Bond issuance sizes in the ESG space are growing, and the average size of the deals are growing too. The proportion of benchmark-sized deals – measured by the Climate Bond Initiative (CBI) as over US$500 million – globally in the past year increased to 64% of the total, up from 56% in 2017, while the total volume of issuance has nearly doubled in that period from US$156.9 billion to US$290.1 billion.
That puts the deals at benchmark size up from US$87.9 billion in 2017 to US$185.6 billion in 2020, which in one sense is good news. As deals become concentrated the frequency with which buy-side traders repeat the processes involved in getting allocations reduces.
Primary markets are a key source of fixed income assets with many buy-and-hold funds in the green space hoovering up new issues as soon as they come to market. The composition of issuers is changing significantly year-on-year, with volume of bonds issued by non-financial corporates doubling between 2018 and 2019, then government-backed green bond issuance doubling between 2019 and 2020.
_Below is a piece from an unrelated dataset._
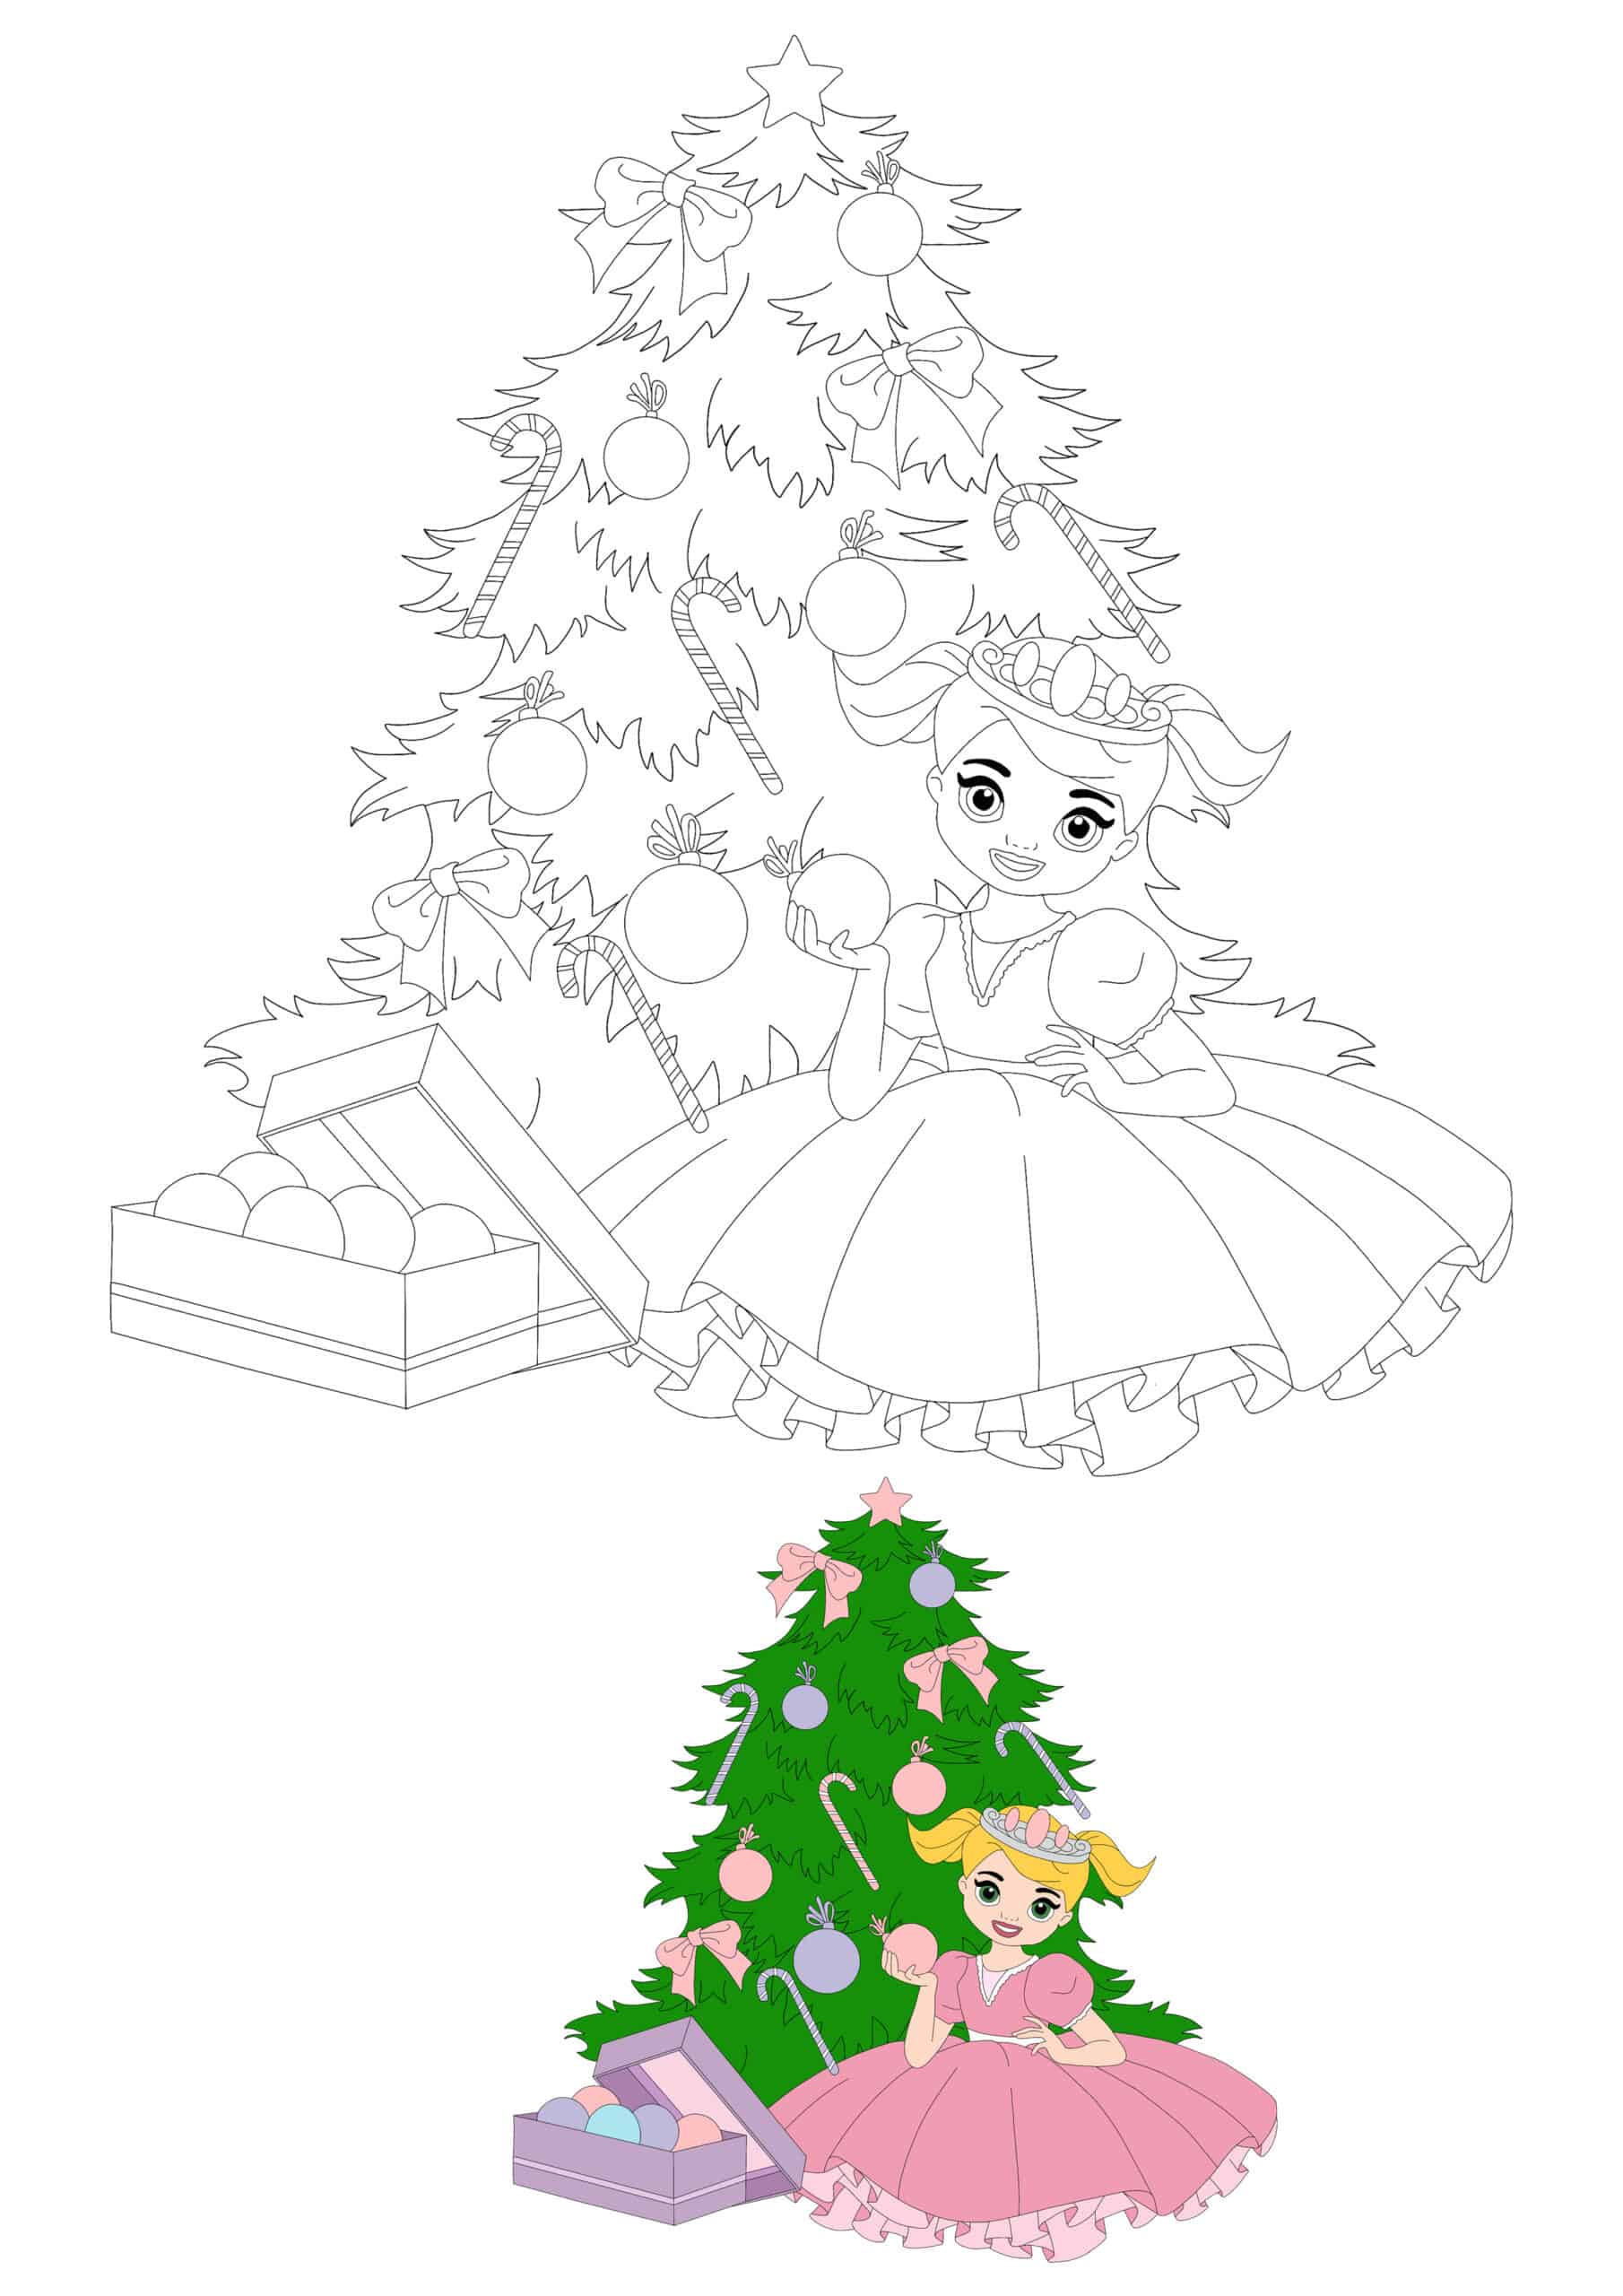 Little Princess Decorating Christmas Tree Coloring Page

In 2021 the level of issuance has already reached US$230 billion by 23rd July, according to CBI data and although investment manager NNIP has predicted this year would see new issues of US$300 billion, it seems clear that level could be surpassed. Fund managers are also seeing continued appetite amongst investors, creating a tension between available supply and demand. In secondary markets voluems have also grown, with MarketAxess reporting US$13 billion worth of green bonds traded in Q2 2021, up from US$6 billion in Q2 2020.
The one market in which issuance will be more of a concern is the US, which has an outsized number of bond issues to the value being raised. If primary markets platforms prove a success this year in the North American market that may ease some of the pressure on buy-side desks.